Assistente de Epstein segue vida normal em Connecticut apesar de 150 mil menções em arquivos
Lesley Groff supervisionou a rotina diária de Jeffrey Epstein por quase duas décadas como assistente executiva. Seu nome aparece em mais de 150 mil documentos liberados pelo Departamento de Justiça dos EUA sobre o magnata condenado por crimes sexuais. Apesar dessa exposição massiva nos arquivos federais, ela retomou a vida em New Canaan, Connecticut, frequentando festas e jantares sofisticados com amigos e familiares. A situação contrasta drasticamente com o destino de outras pessoas mencionadas nos documentos, que sofreram ostracismo, danos às carreiras ou tiveram de oferecer desculpas públicas por simples conexões com Epstein.
Papel central na operação criminosa
Groff controlava praticamente todos os aspectos da vida de Epstein: agendas, cortes de cabelo, transporte e massagens. Conforme relatos de vítimas, muitas dessas massagens funcionavam como código para atos sexuais. Seu papel ia além da administração rotineira. Ela também realizava conexões para levar jovens à ilha de Epstein no Caribe e ao seu rancho no Novo México.
O volume de menções ao seu nome nos arquivos supera significativamente o de outras pessoas envolvidas. Apenas o próprio Epstein aparece mais vezes nos documentos. Ghislaine Maxwell, namorada do magnata e também recrutadora de vítimas, não é citada nem remotamente com tanta frequência quanto Groff nos registros federais.
Mobilização política em Connecticut
Daniel LaGattuta, cientista político residente em New Canaan, decidiu agir diante da situação. Em 2 de março, convocou republicanos locais para debater o que chamou de “problema Lesley”. Durante o encontro, apresentou informações indicando que Groff estava listada como suspeita de conspiração nos arquivos do FBI e era figura-chave no círculo íntimo de Epstein.

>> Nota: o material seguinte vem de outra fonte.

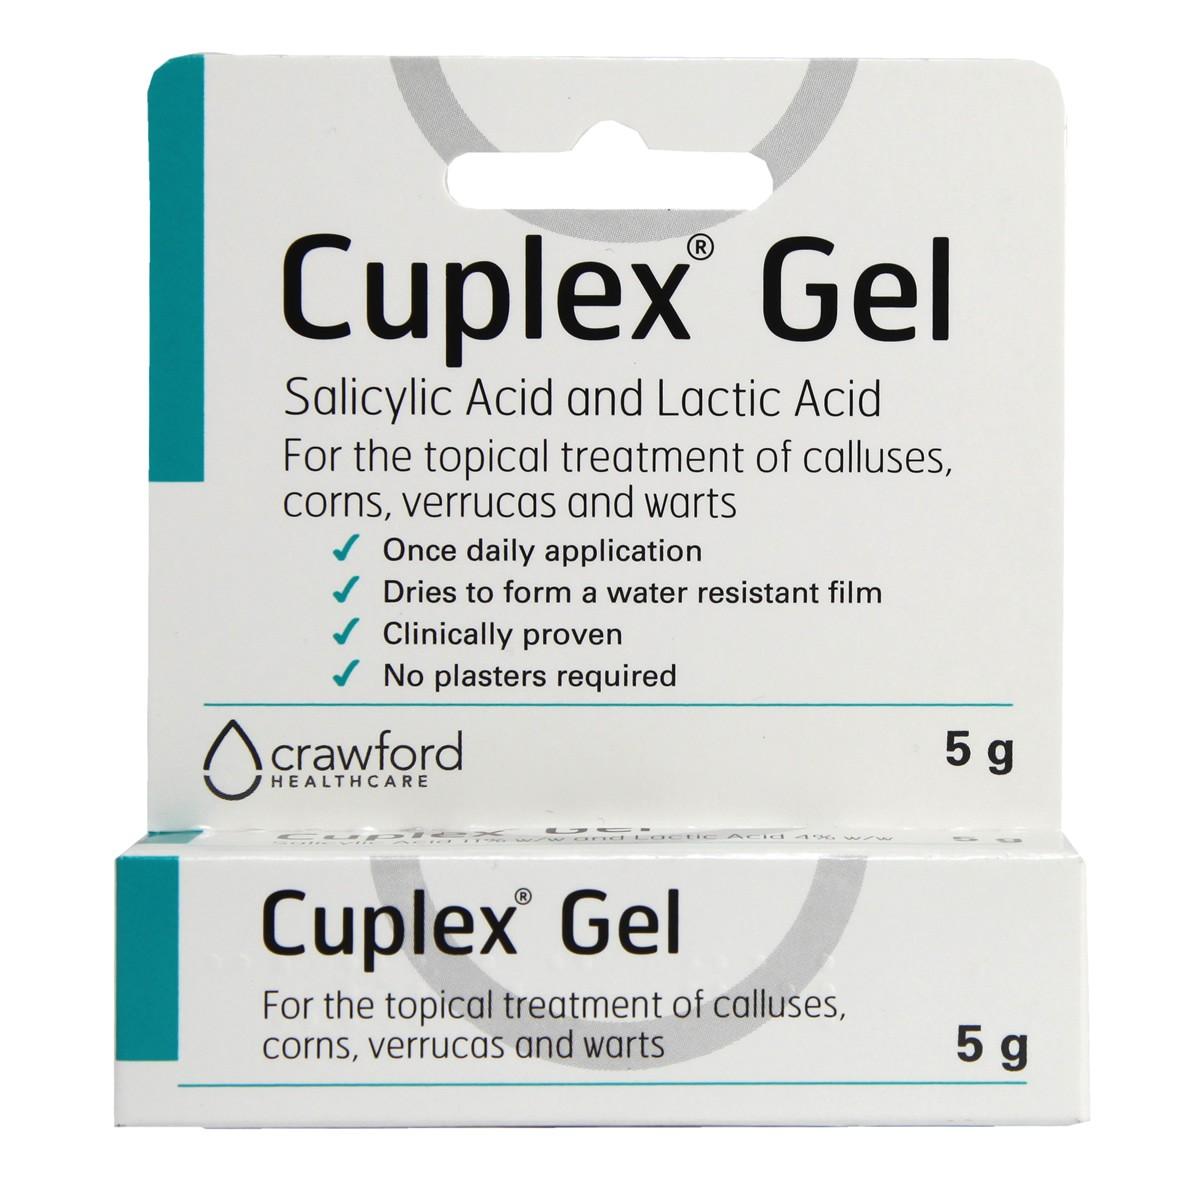 Cuplex Gel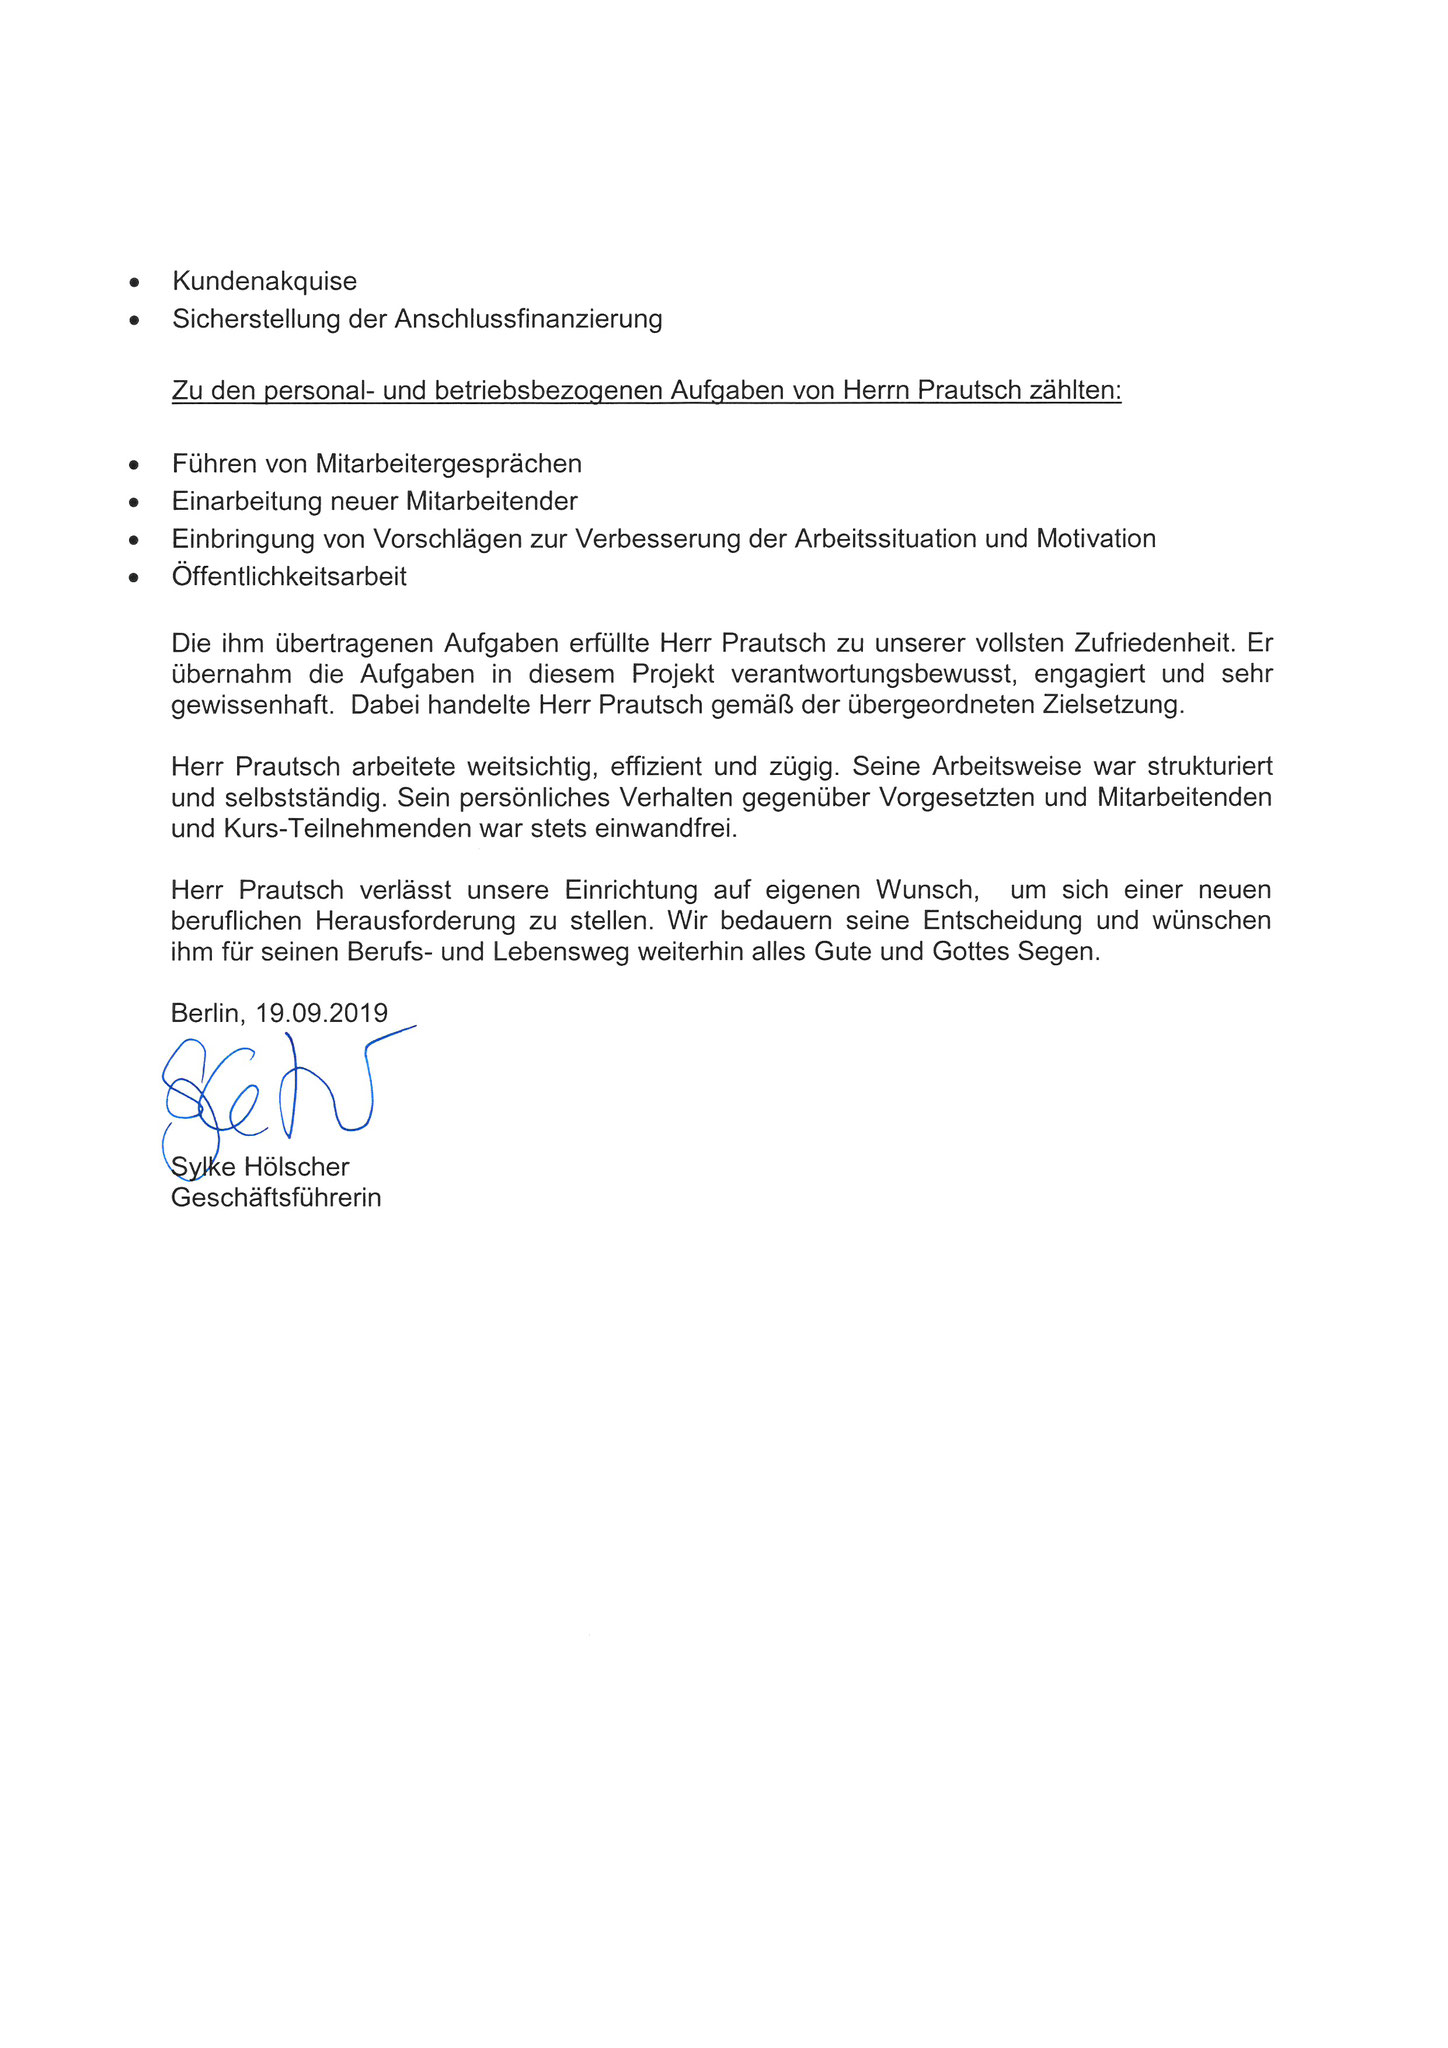 Zeugnis Evangelisches Johannesstift Diakonie_Seite 2 - 2019

LaGattuta pediu explicitamente que políticos locais que haviam recebido doações de Groff devolvessem o dinheiro ou o repassassem a organizações de apoio a vítimas de abuso sexual. Descreveu associar-se a ela como “moralmente repugnante e uma catástrofe política”. Seus esforços, porém, foram ignorados pelos líderes republicanos da região, que não tomaram medidas em resposta à mobilização.
Continuidade da vida social em New Canaan
Contrariamente às expectativas de afastamento, Groff mantém participação ativa na vida pública de New Canaan. Sua rotina inclui:
- Doações políticas regulares a candidatos locais
- Participação em festas em residências de alto padrão
- Organização de noites de jogos com amigos
- Jantares em restaurantes sofisticados com família e conhecidos
Esse comportamento levantou questões incômodas na comunidade sobre o nível de preocupação real com sua conexão aos crimes. A plataforma de jornalismo independente “Free Press” descreveu Groff como uma “anomalia” no amplo processo de responsabilização que marcou a saga Epstein, destacando como sua situação diverge radicalmente da de outras pessoas envolvidas.
Defesa legal e alegações de isolamento
Michael Bachner, advogado de Groff, sustenta que sua cliente manteve inocência durante toda sua carreira ao lado de Epstein. Em declaração formal, afirmou que Groff “nunca testemunhou ou foi informada de nada ilegal relacionado a essas massagens”. Bachner argumenta que Epstein operava dois mundos separados, um legítimo e outro criminoso, e garantia que ambos não colidissem.
O advogado enfatizou que Epstein mantinha Groff “propositalmente isolada de sua conduta criminosa” por desconfiança e porque tinha todos os motivos para mentir. Segundo essa versão, Epstein protegeu deliberadamente sua assistente do conhecimento de seus crimes, criando uma barreira intencional entre ela e suas atividades ilegais.
Ausência de acusações formais
Embora Lesley Groff tenha sido formalmente listada como suspeita de co-conspiração nos arquivos do FBI, o governo dos EUA nunca apresentou acusações formais contra ela. Epstein morreu na prisão de Nova York em 2019, antes de qualquer processo que envolvesse sua assistente avançar significativamente. Essa lacuna processual contribui para a situação atual de Groff. Sem acusações formais, ela não enfrenta processos criminais que justificariam sanções sociais ou profissionais comparáveis às de outras pessoas listadas nos documentos federais. Sua defesa repousa inteiramente na alegação de que ignorância e isolamento deliberado a protegem de responsabilidade criminal.